When data analysts apply various statistical models to the data they are investigating, they are able to
understand and interpret the information more strategically. Rather than sifting through the raw data, this
practice allows them to identify relationships between variables, make predictions about future sets of
data, and visualize that data so that non-analysts and stakeholders can consume and leverage it.
“When you analyze data, you are looking for patterns,” says Mello. “You are using a sample to make an
inference about the whole.”
In regression analysis, model building is the process of developing a probabilistic model that best
describes the relationship between the dependent and independent variables. The major issues are
finding the proper form (linear or curvilinear) of the relationship and selecting which independent
variables to include. In building models it is often desirable to use qualitative as well as quantitative
variables.
10. Statistics for Model Building
3 Reasons to Learn Statistical Modeling
1. You will be better equipped to choose the right model for your needs.

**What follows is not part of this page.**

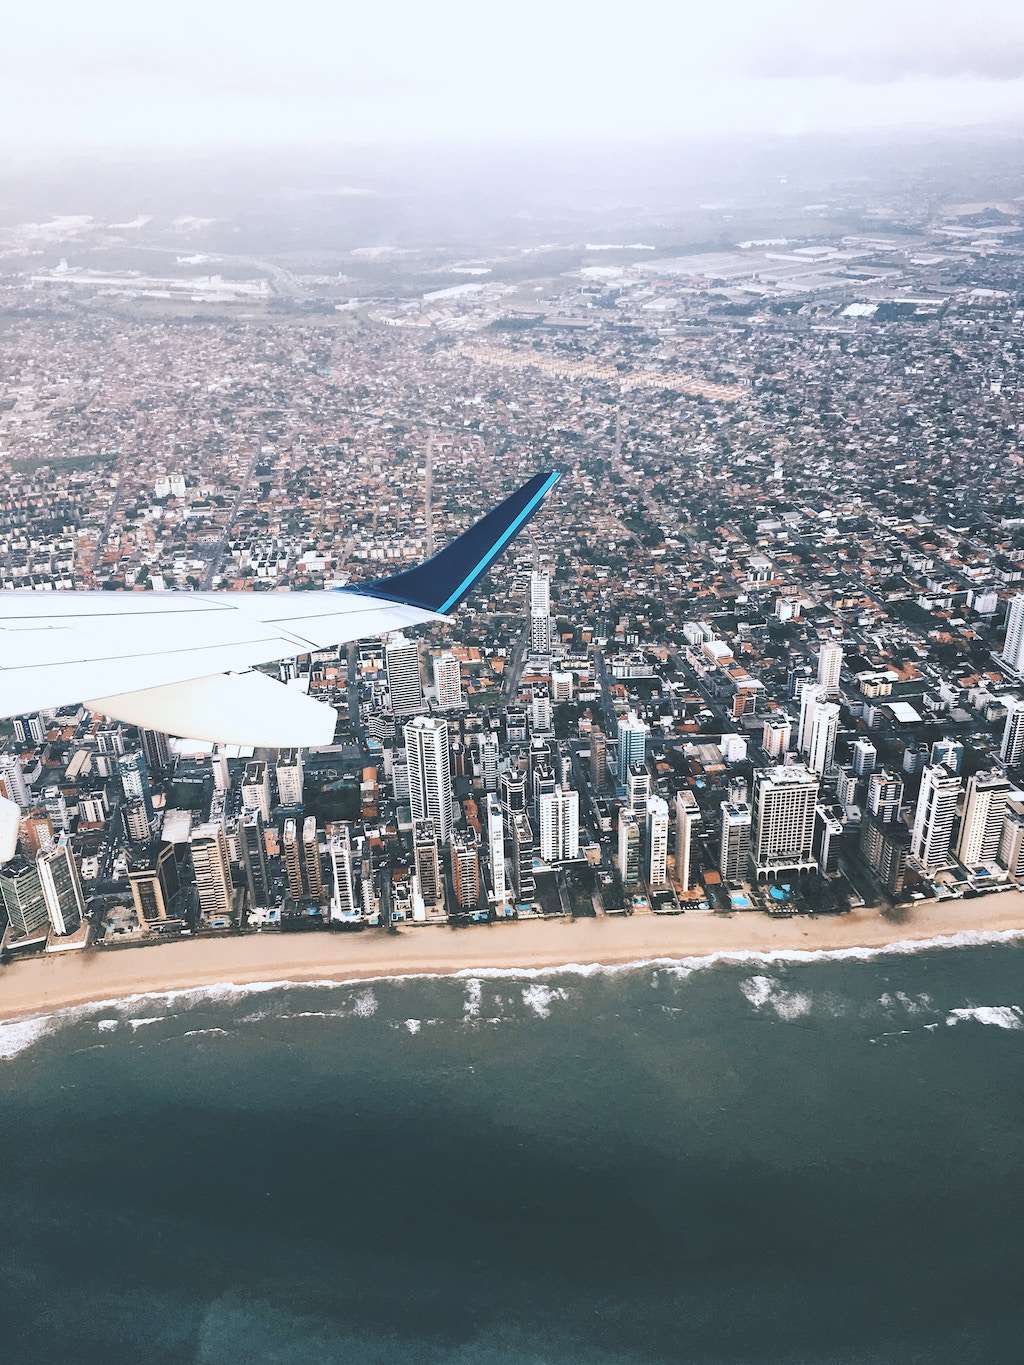 An airplane flies over Recife, Brazil.

There are many different types of statistical models, and an effective data analyst needs to have a comprehensive
understanding of them all. In each scenario, you should be able to identify not only which model will help best answer
the question at hand, but also which model is most appropriate for the data you’re working with.
2. You will be better able to prepare your data for analysis.
Data is rarely ready for analysis in its raw form. To ensure your analysis is accurate and viable, the data must first be
cleaned up. This cleanup often includes organizing the gathered information and removing “bad or incomplete data”
from the sample.
“Before any statistical model can be completed, you need to explore [and], understand the data,” says Mello. “If there is
no quality [in the data], then you can’t really derive any insights from it.”
Once you know how various statistical models work and how they leverage data, it will become easier for you to
determine what data is most relevant to the question you are trying to answer, as well.
3. You will become a better communicator.
In most organizations, data analysts are required to communicate their findings with two different audiences. The first
audience consists of those on the business team who don’t need to understand the details of your analysis, but simply
want to know the key takeaways. The second audience consists of those who are interested in the more granular
details; this group will want both the list of broad conclusions and an explanation of how you reached them.
Having a thorough understanding of statistical modeling can help you better communicate with both of these
audiences, as you will be better equipped to reach conclusions and therefore generate better data visualizations, which
are helpful in communicating complex ideas to non-analysts. Simultaneously, a complex understanding of how these
models work on the backend will allow you to generate and explain those more granular details when necessary.